Botelloides bassianus is a species of sea snail, a marine gastropod mollusk in the family Trochidae, the top snails.

Subspecies
 Botelloides bassianus bassianus (Hedley, 1911) (synonyms: Rissoa (Onoba) glomerosa Gatliff & Gabriel, 1908; Rissoa (Onoba) bassiana Hedley, 1911)
 Botelloides bassianus borda Cotton, 1944 (synonym: Botelloides borda Cotton, 1944)

Description
The height of the shell attains 4.5 mm, its diameter 2 mm. The solid, oblong shell  has a subcylindrical shape. It is rounded at each extremity.

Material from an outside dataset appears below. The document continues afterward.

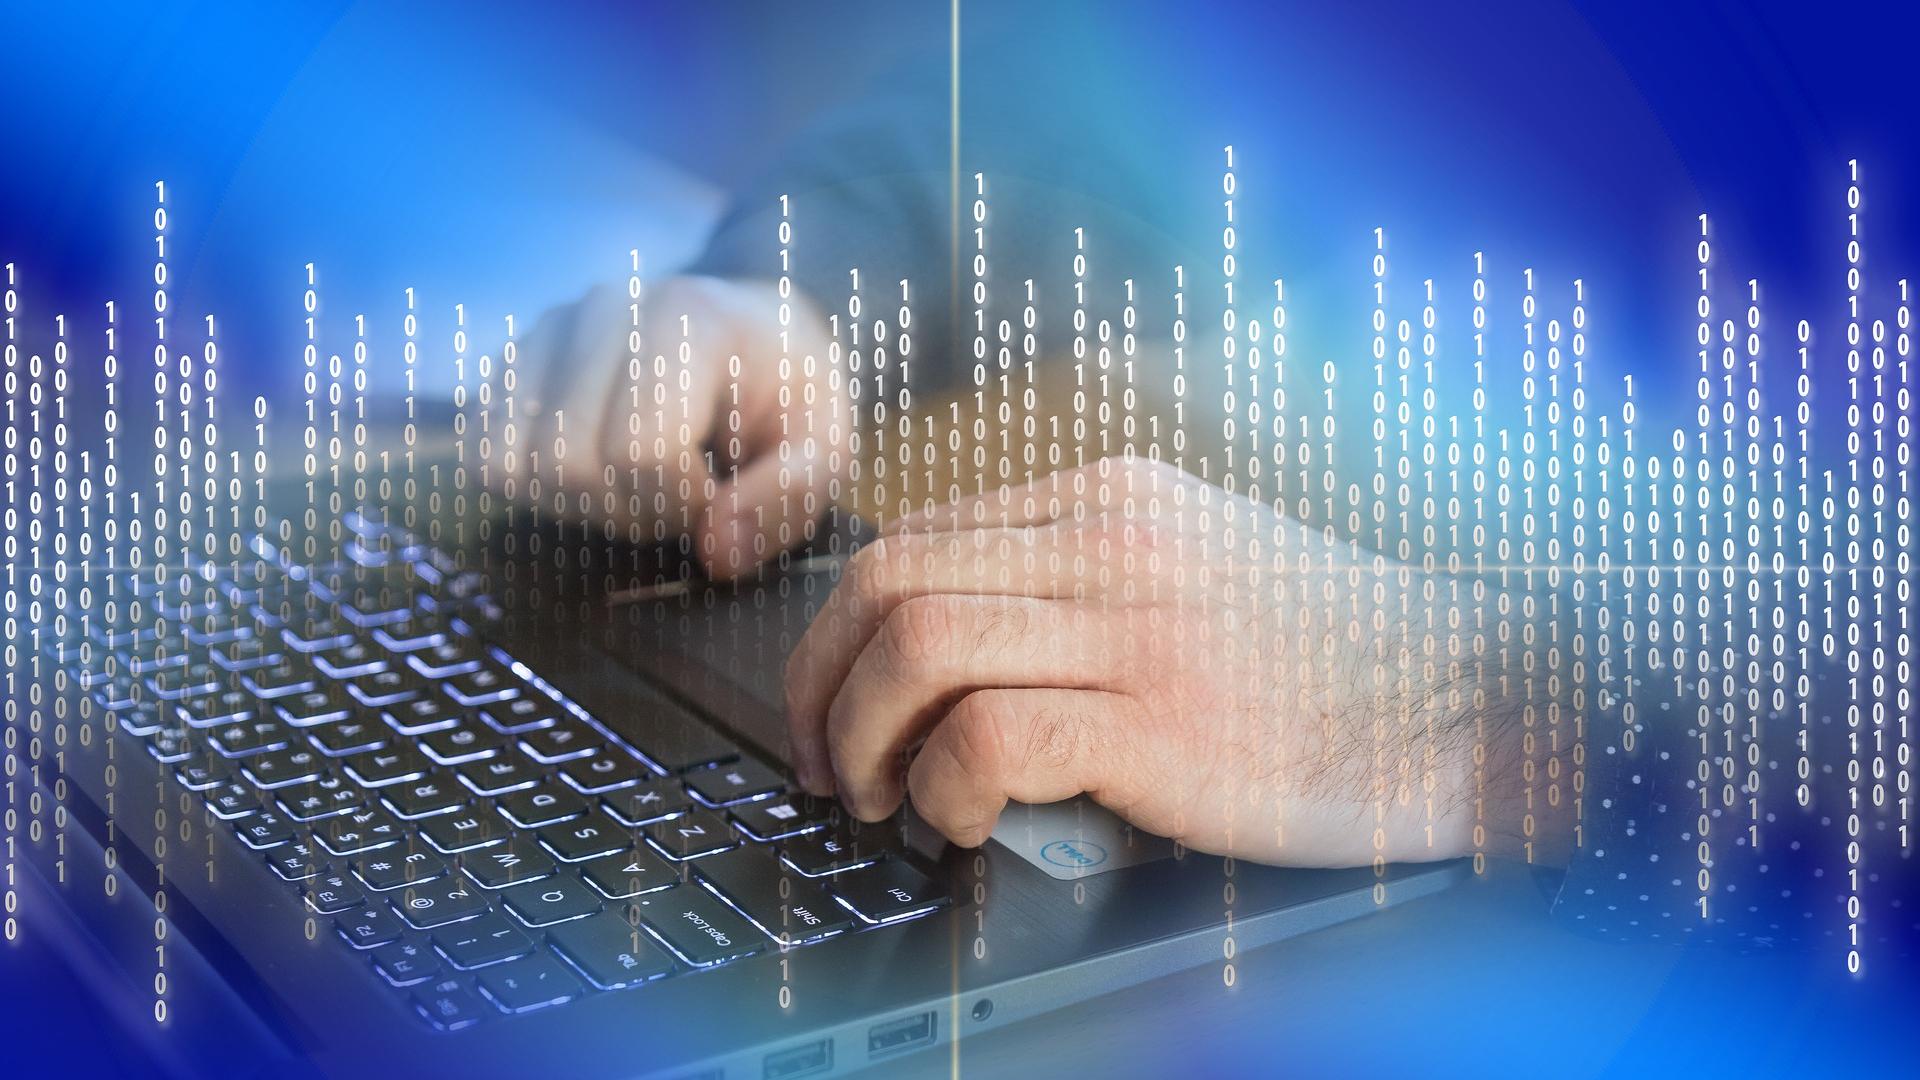 Männliche Hände auf der Tastatur eines Laptops mit Zahlen im Vordergrund.

Colour: the upper part of each whorl is dull white, the lower slate-purple, the anterior extremity is again dull white, the dark band on the median third of the body whorl fading away before reaching the aperture. The apex is brown. The five whorls increase rapidly in size. They are wound obliquely the last two-thirds of the total length.

Sculpture : The earlier whorls are smooth, the later bear fine incised spiral grooves, of which the last has about thirty, the penultimate eighteen, and the antepenultimate twelve. Occasional growth striae cross the shell obliquely. The aperture is pyriform. The columella is excavate. The outer lip is grooved within and bevelled to a sharp edge.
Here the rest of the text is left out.